* [Dataset extract]

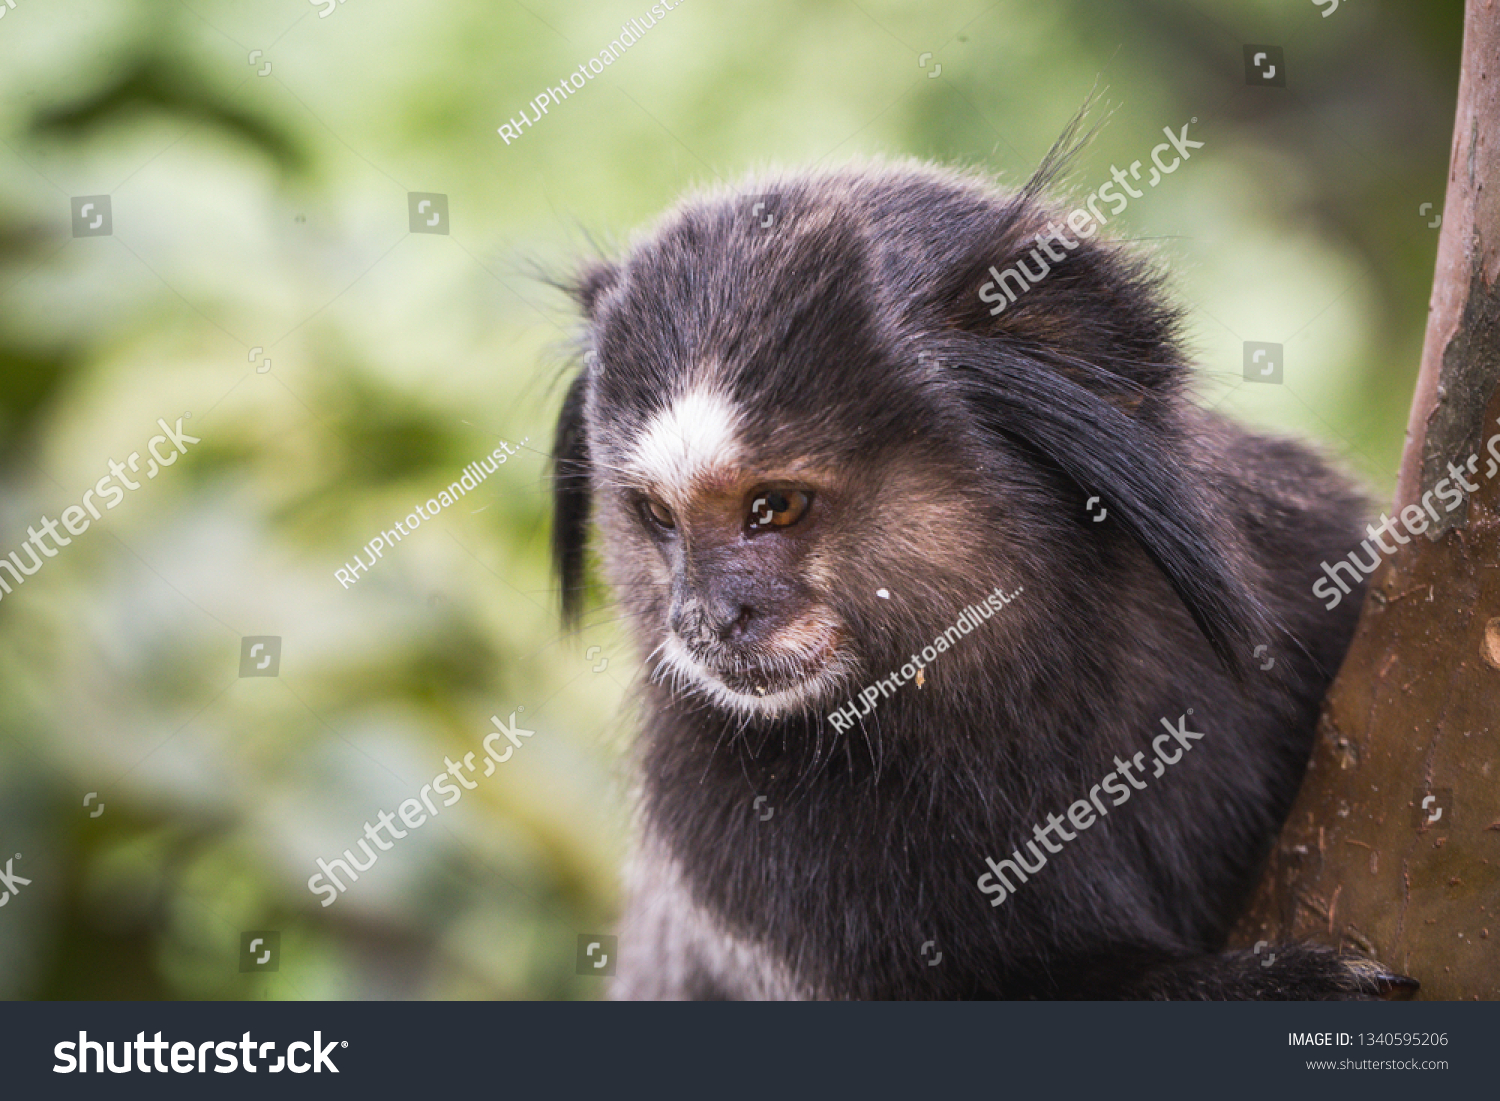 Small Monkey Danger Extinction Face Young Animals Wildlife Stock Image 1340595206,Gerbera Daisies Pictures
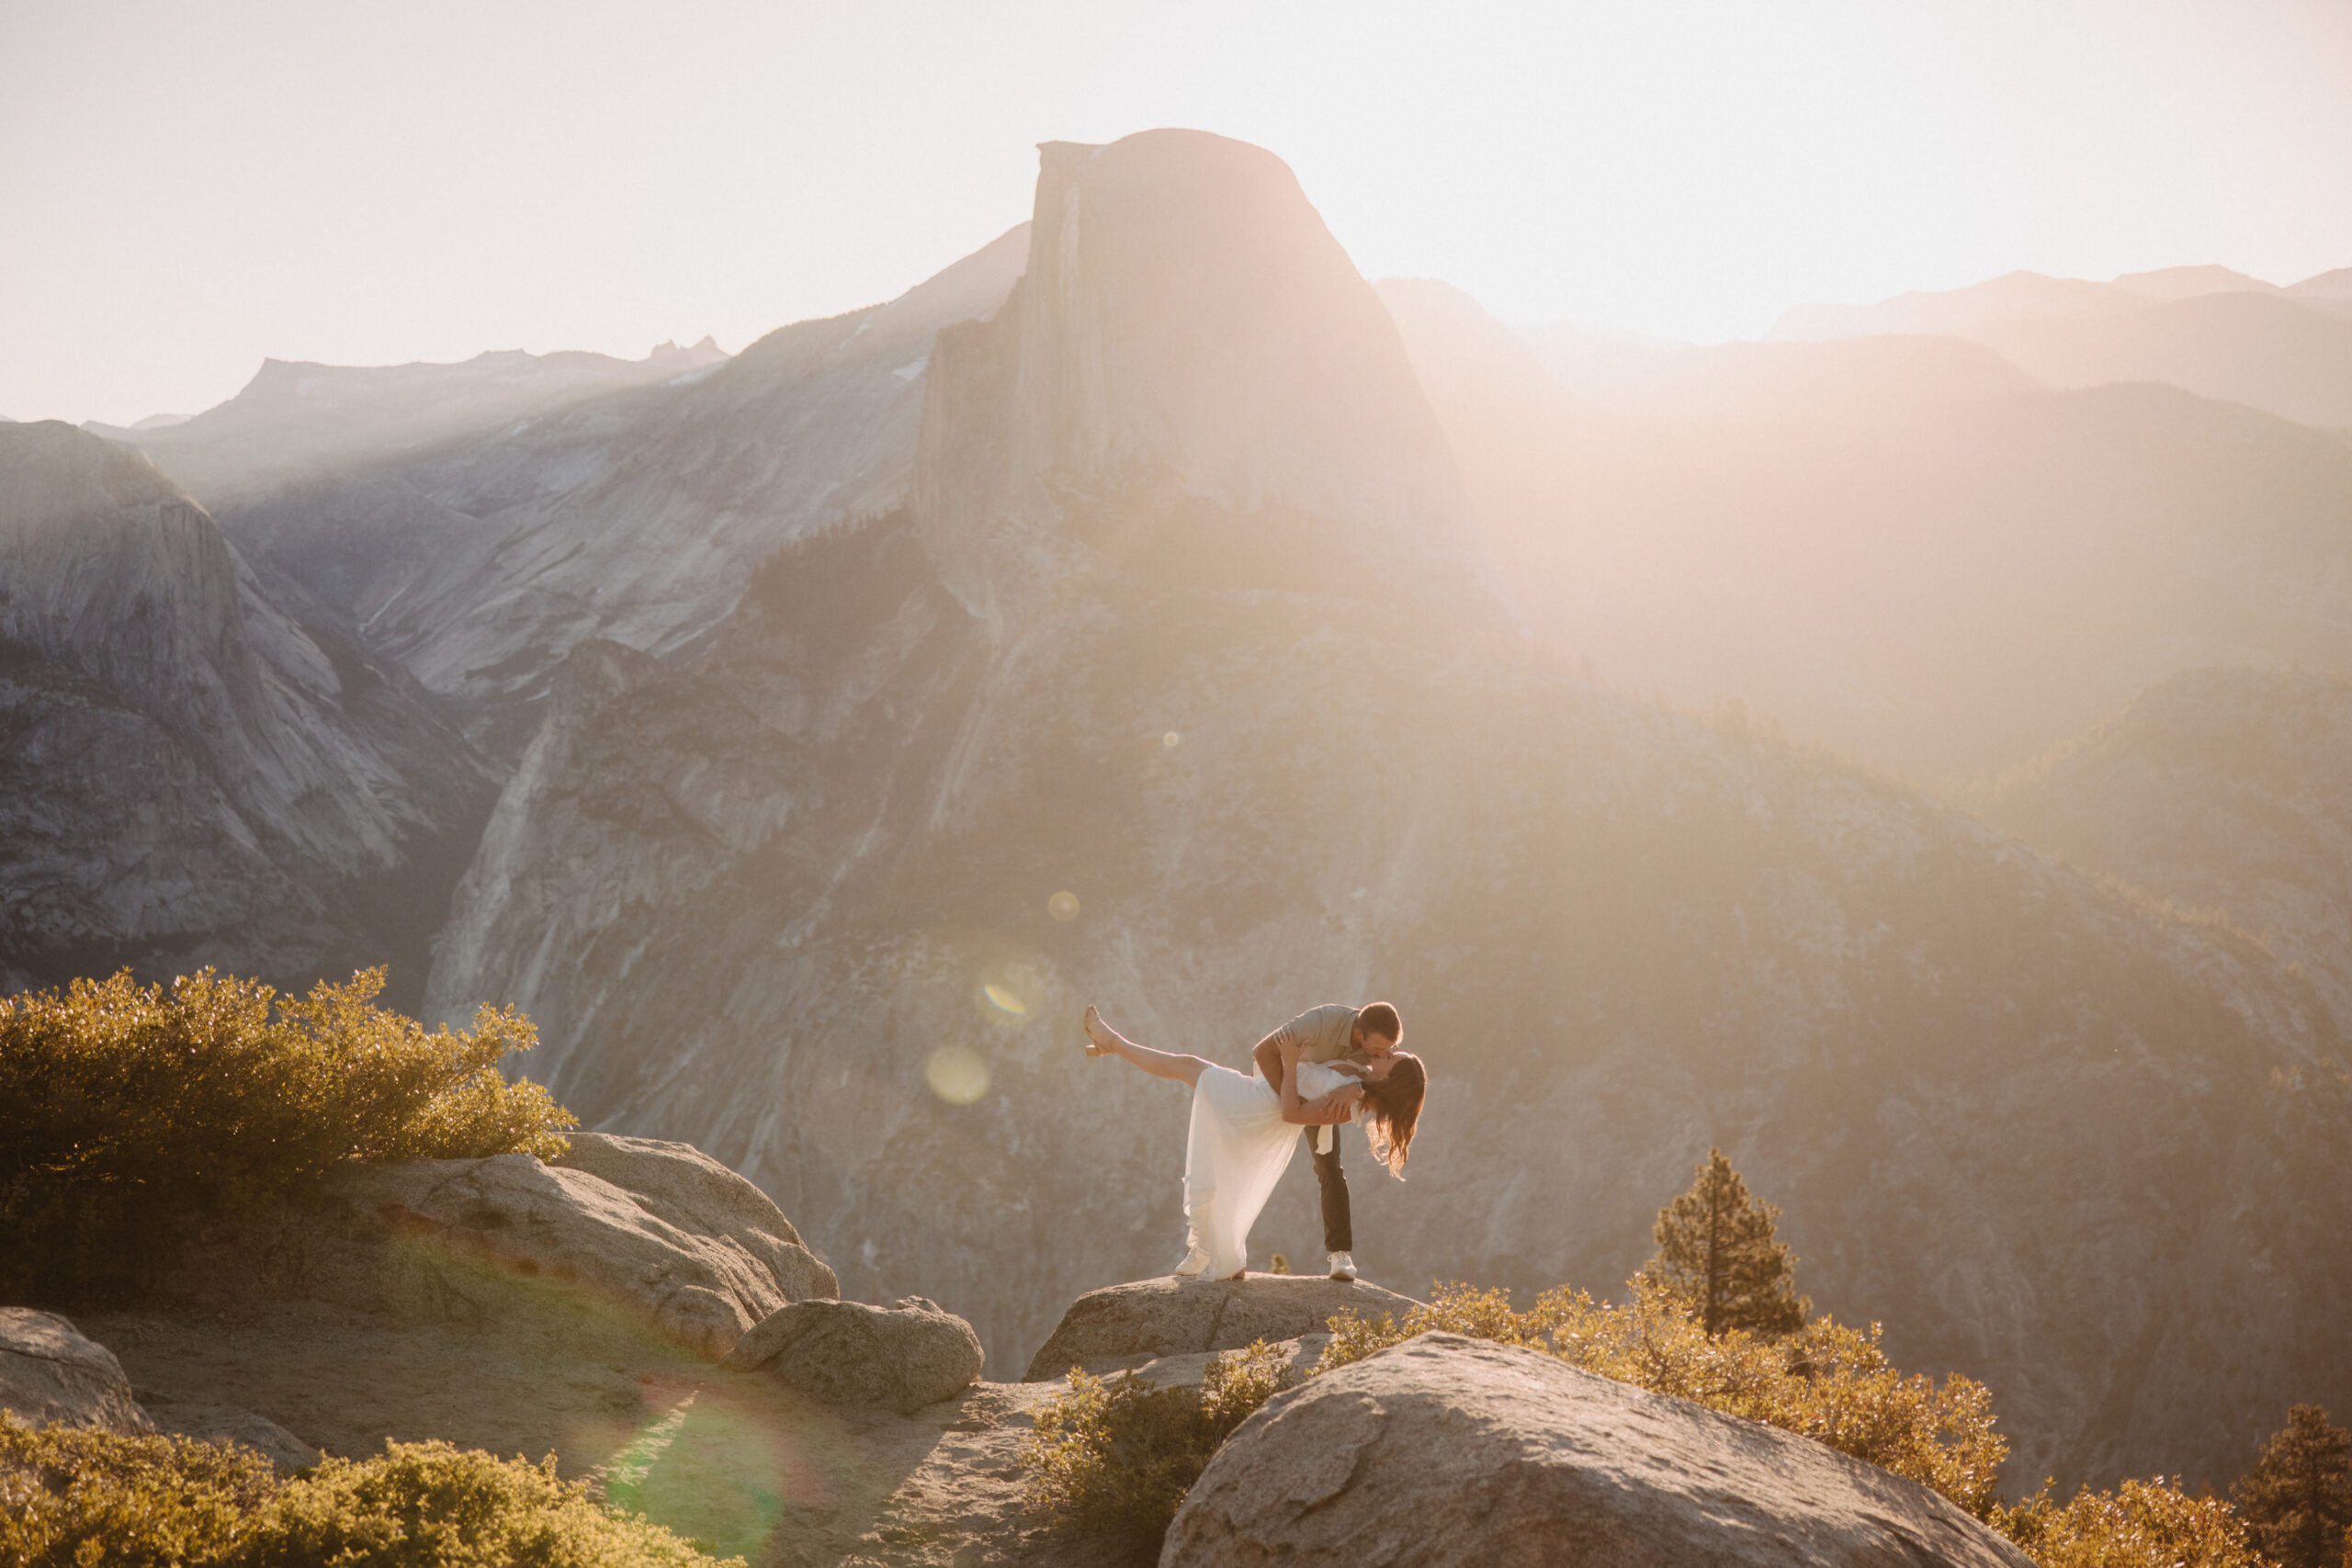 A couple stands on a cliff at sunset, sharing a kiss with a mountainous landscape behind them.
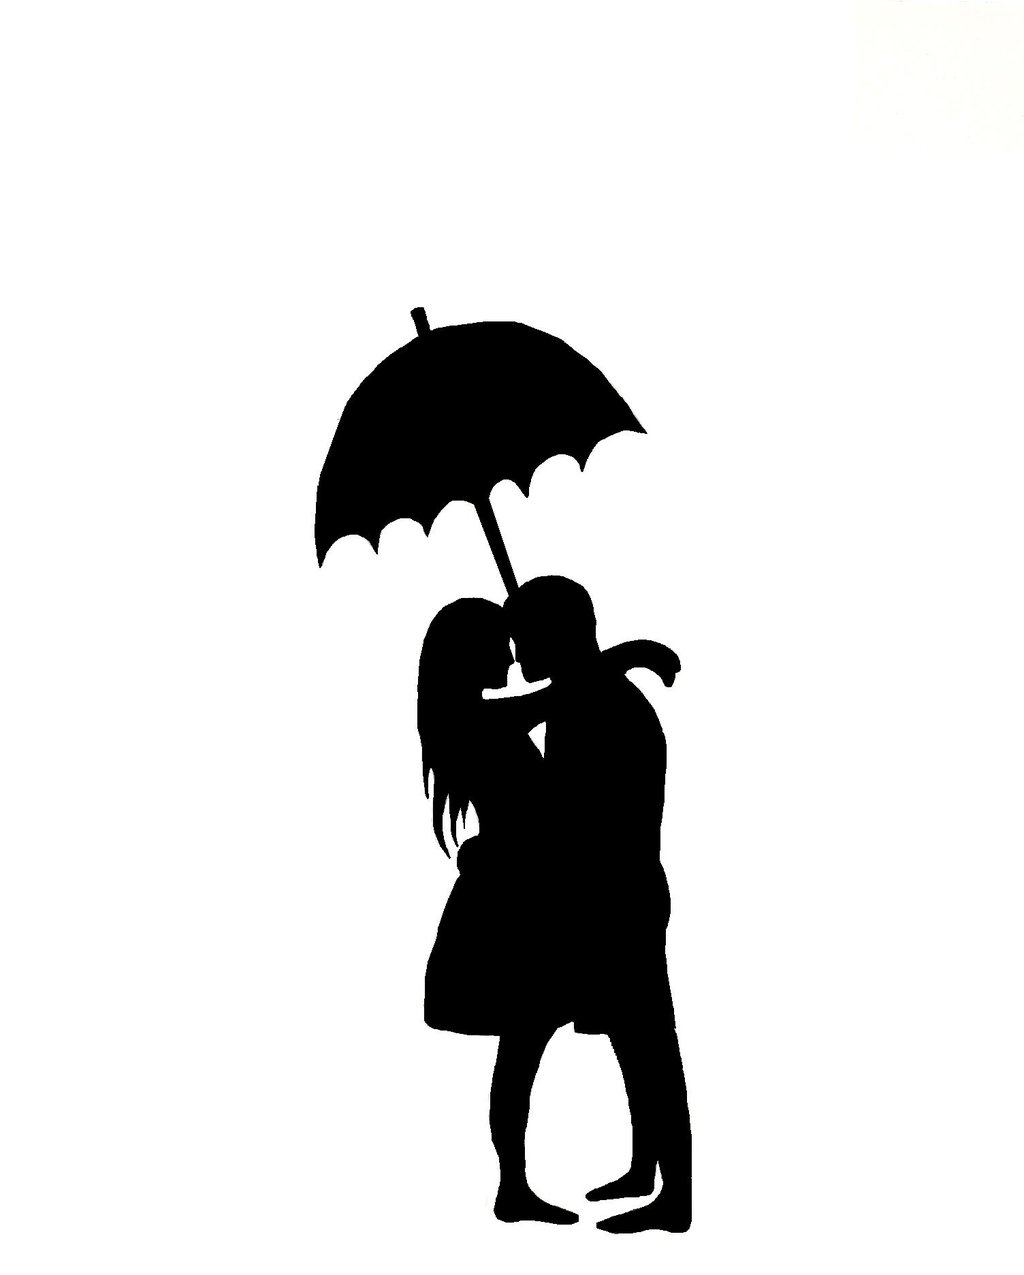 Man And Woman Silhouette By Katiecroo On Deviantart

* [Instructions to follow]
Could you repeat all of the data exactly, minus the pictures?

* [Answer space]
 Small Monkey Danger Extinction Face Young Animals Wildlife Stock Image 1340595206,Gerbera Daisies Pictures
 A couple stands on a cliff at sunset, sharing a kiss with a mountainous landscape behind them.
 Man And Woman Silhouette By Katiecroo On Deviantart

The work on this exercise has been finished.